◆ **Task item**
Find the line with "Ilustra??o do planeta Saturno" in the records below. Output exactly from there until after the line with "TD vs. RBC Investment Account", without pictures.

◆ **Listed records**
_ _ _ _

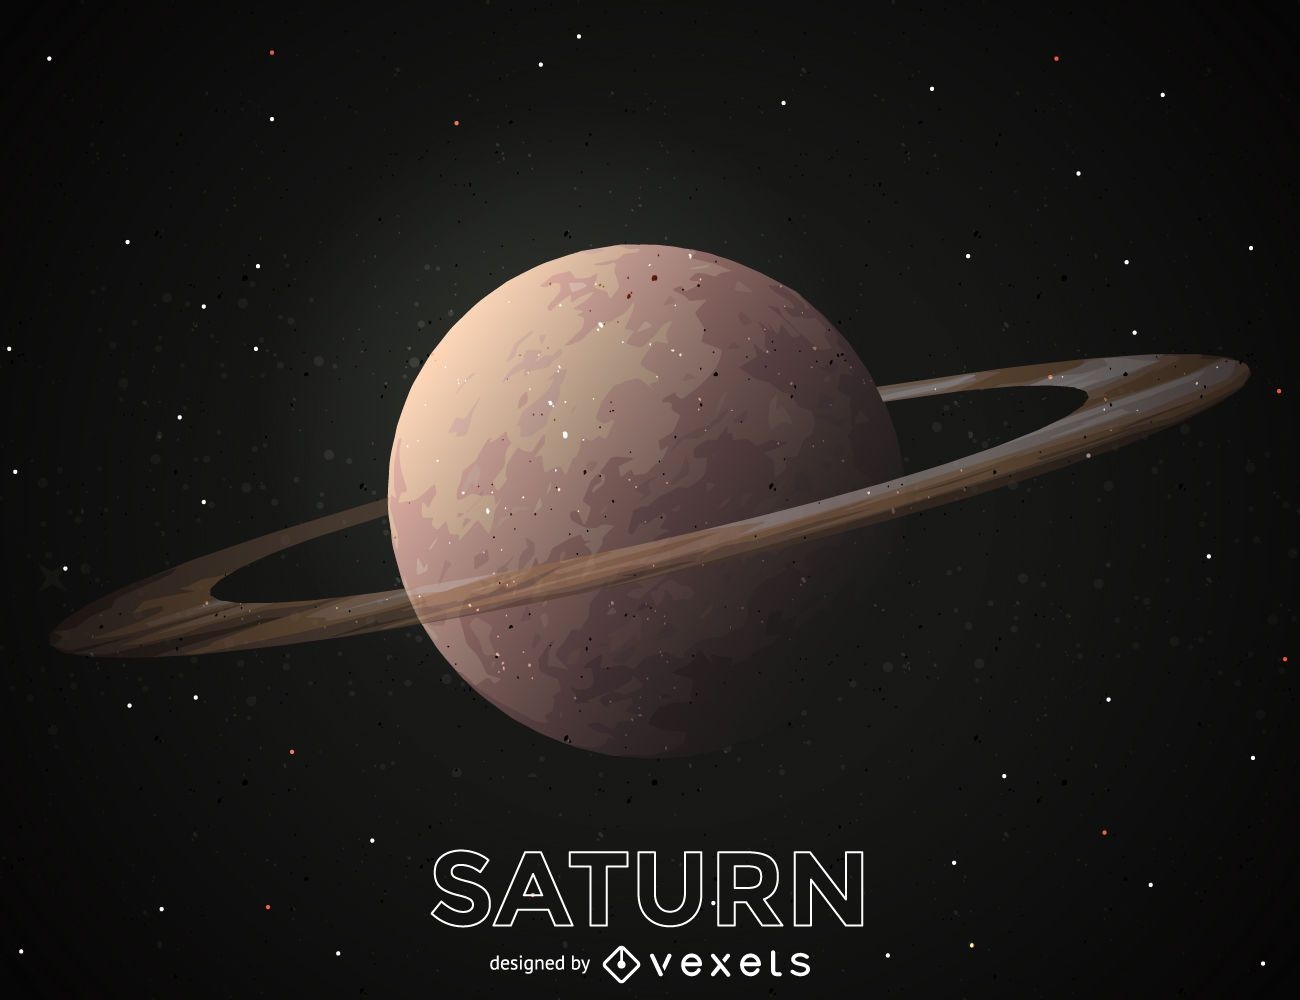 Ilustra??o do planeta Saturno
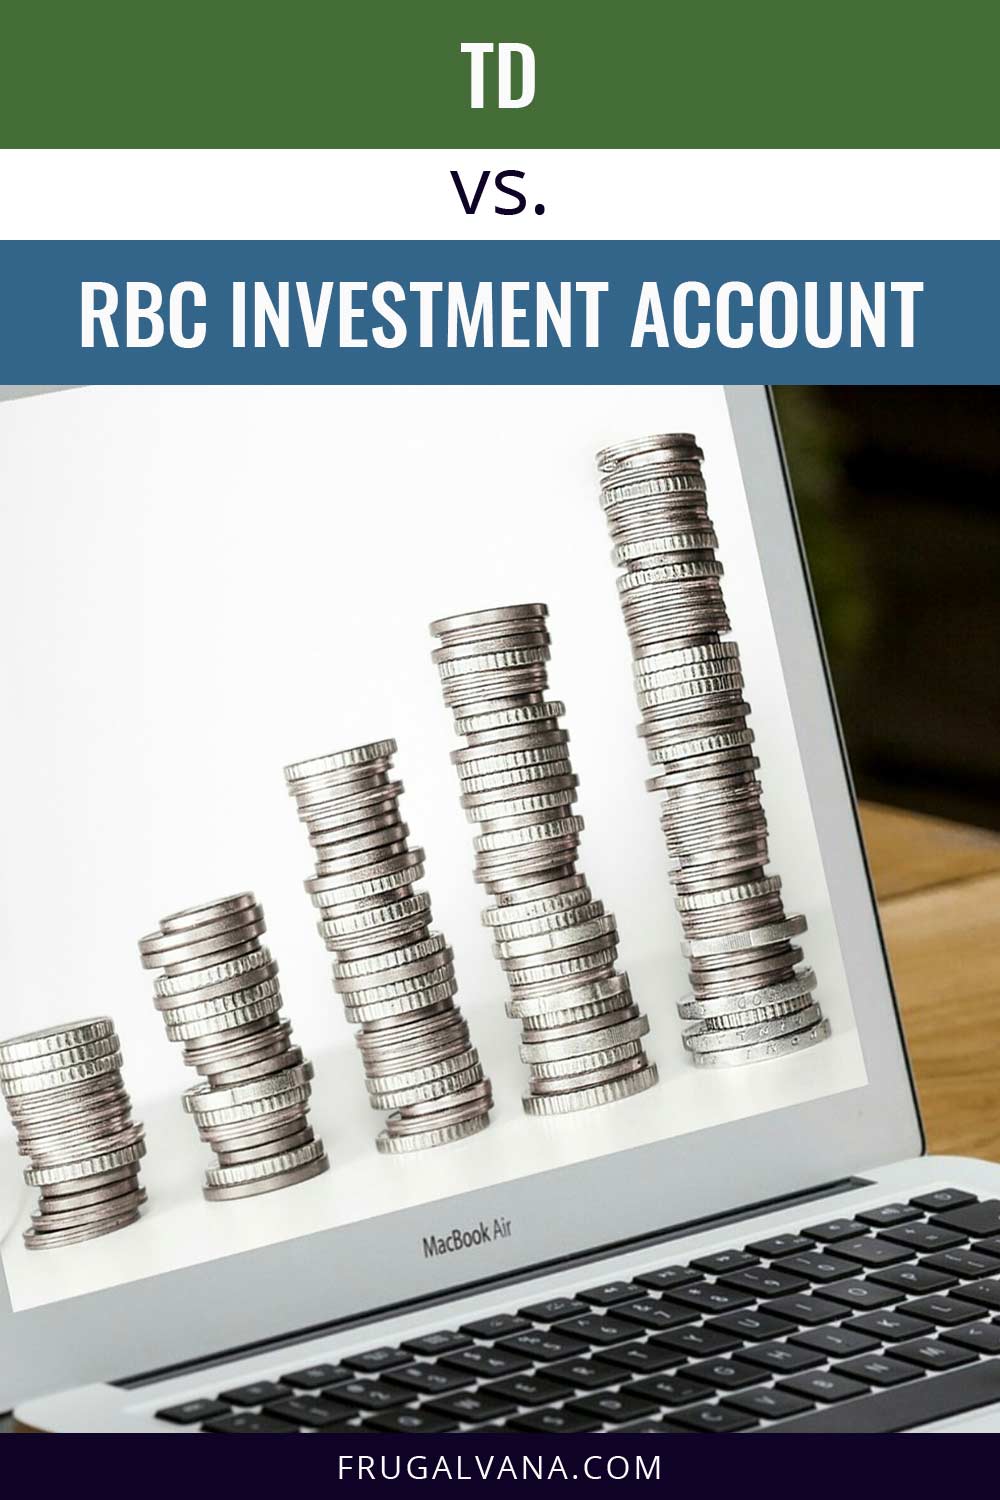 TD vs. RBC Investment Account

_ _ _ _

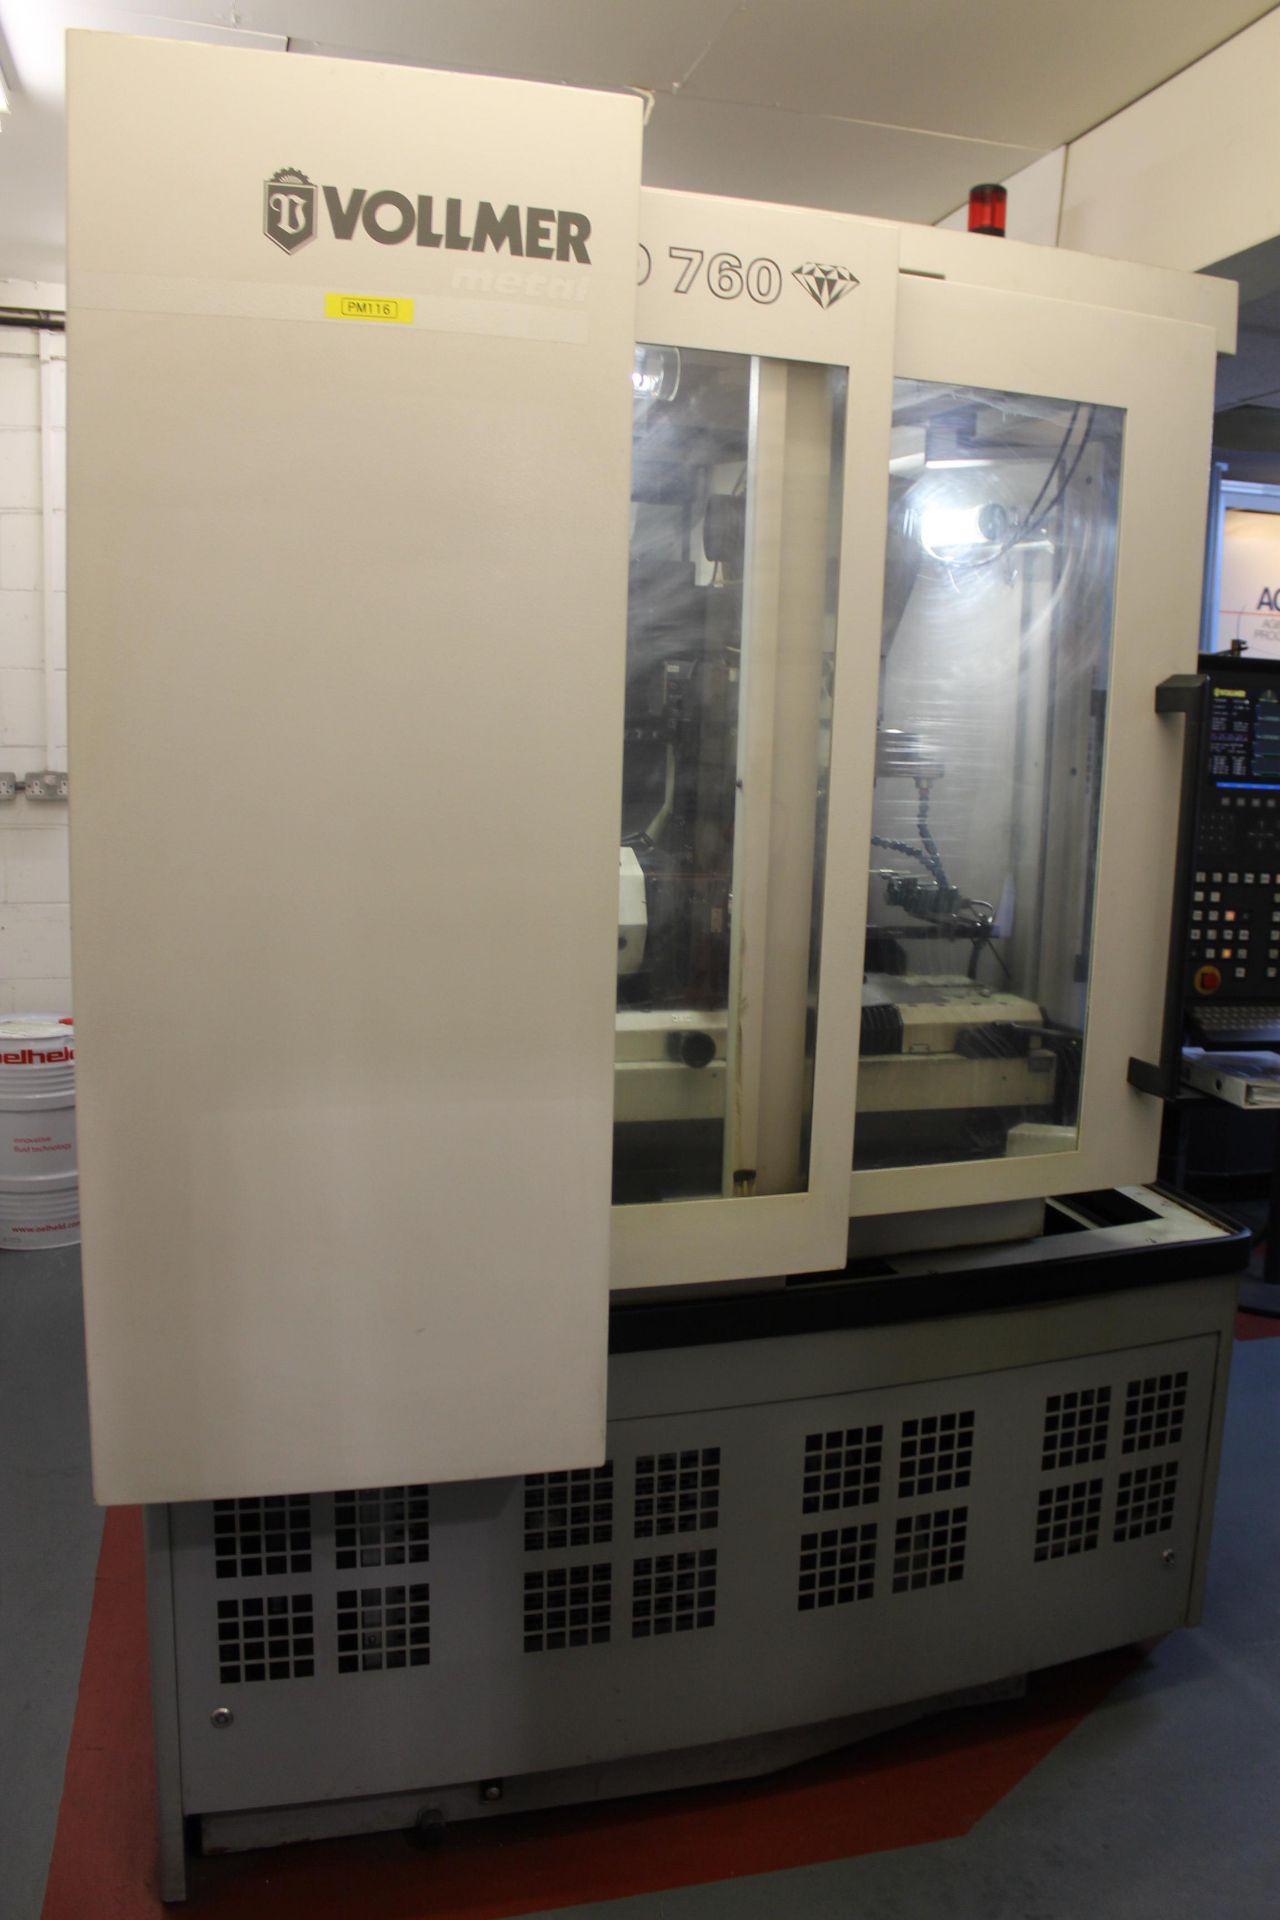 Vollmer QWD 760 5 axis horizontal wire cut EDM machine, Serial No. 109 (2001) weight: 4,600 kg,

_ _ _ _

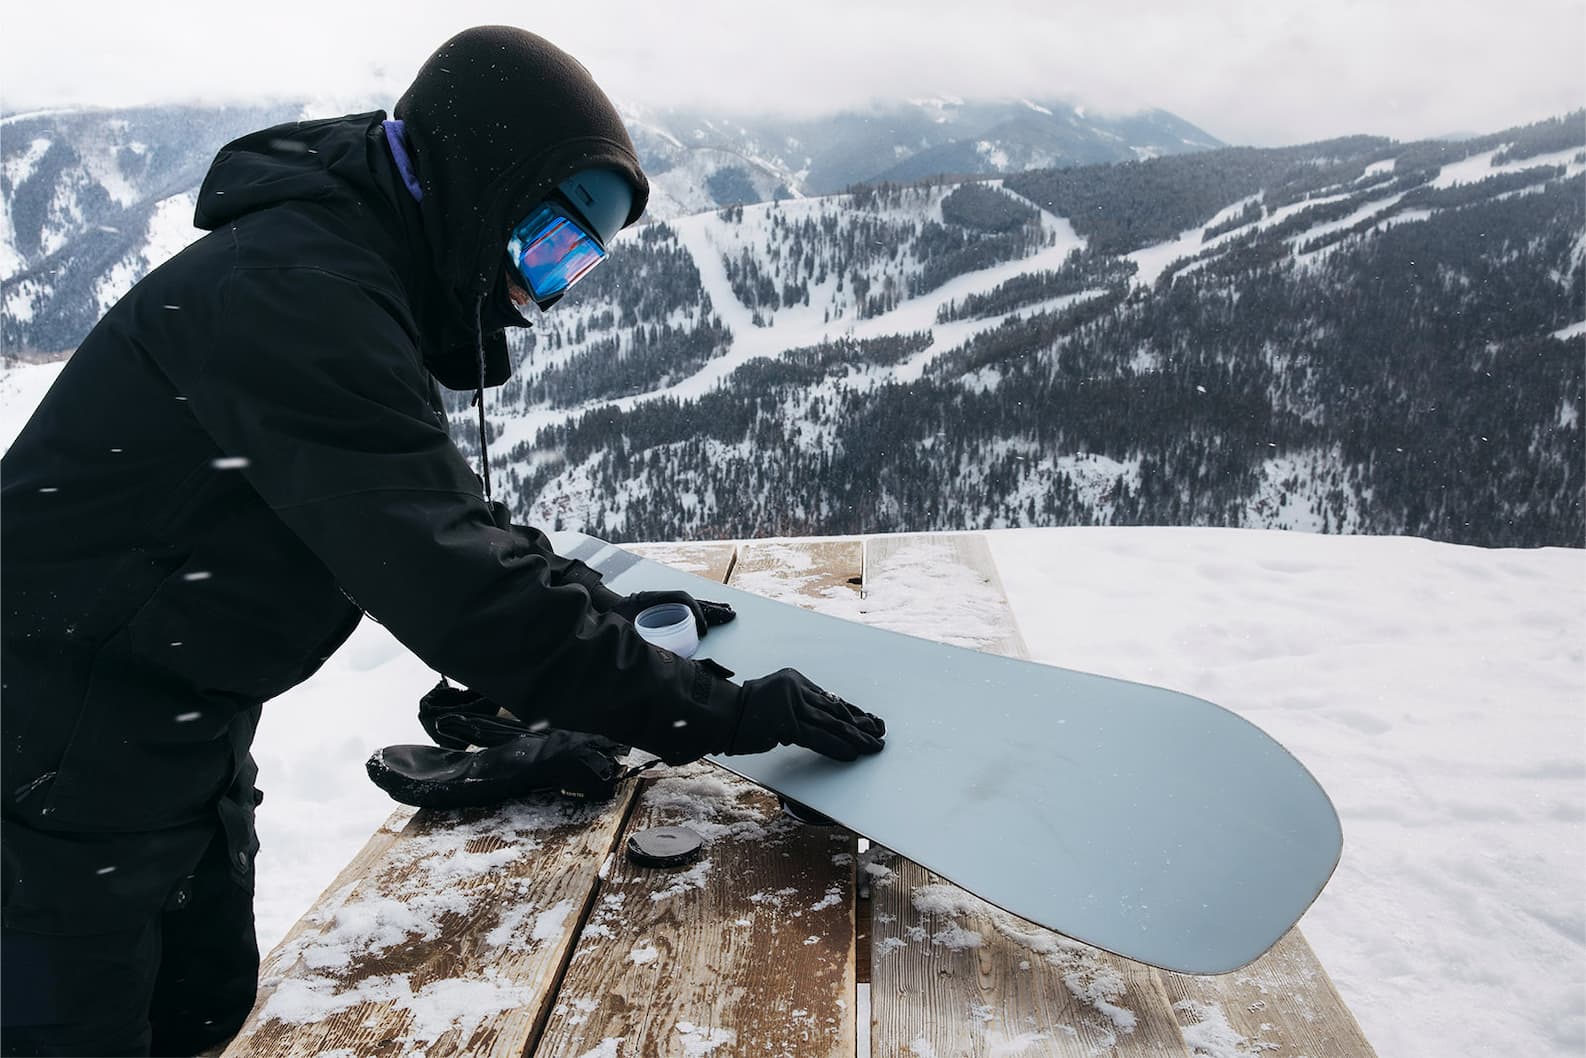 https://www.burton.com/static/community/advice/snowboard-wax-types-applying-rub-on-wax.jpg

_ _ _ _

◆ **Worked solution**
 Ilustra??o do planeta Saturno
 TD vs. RBC Investment Account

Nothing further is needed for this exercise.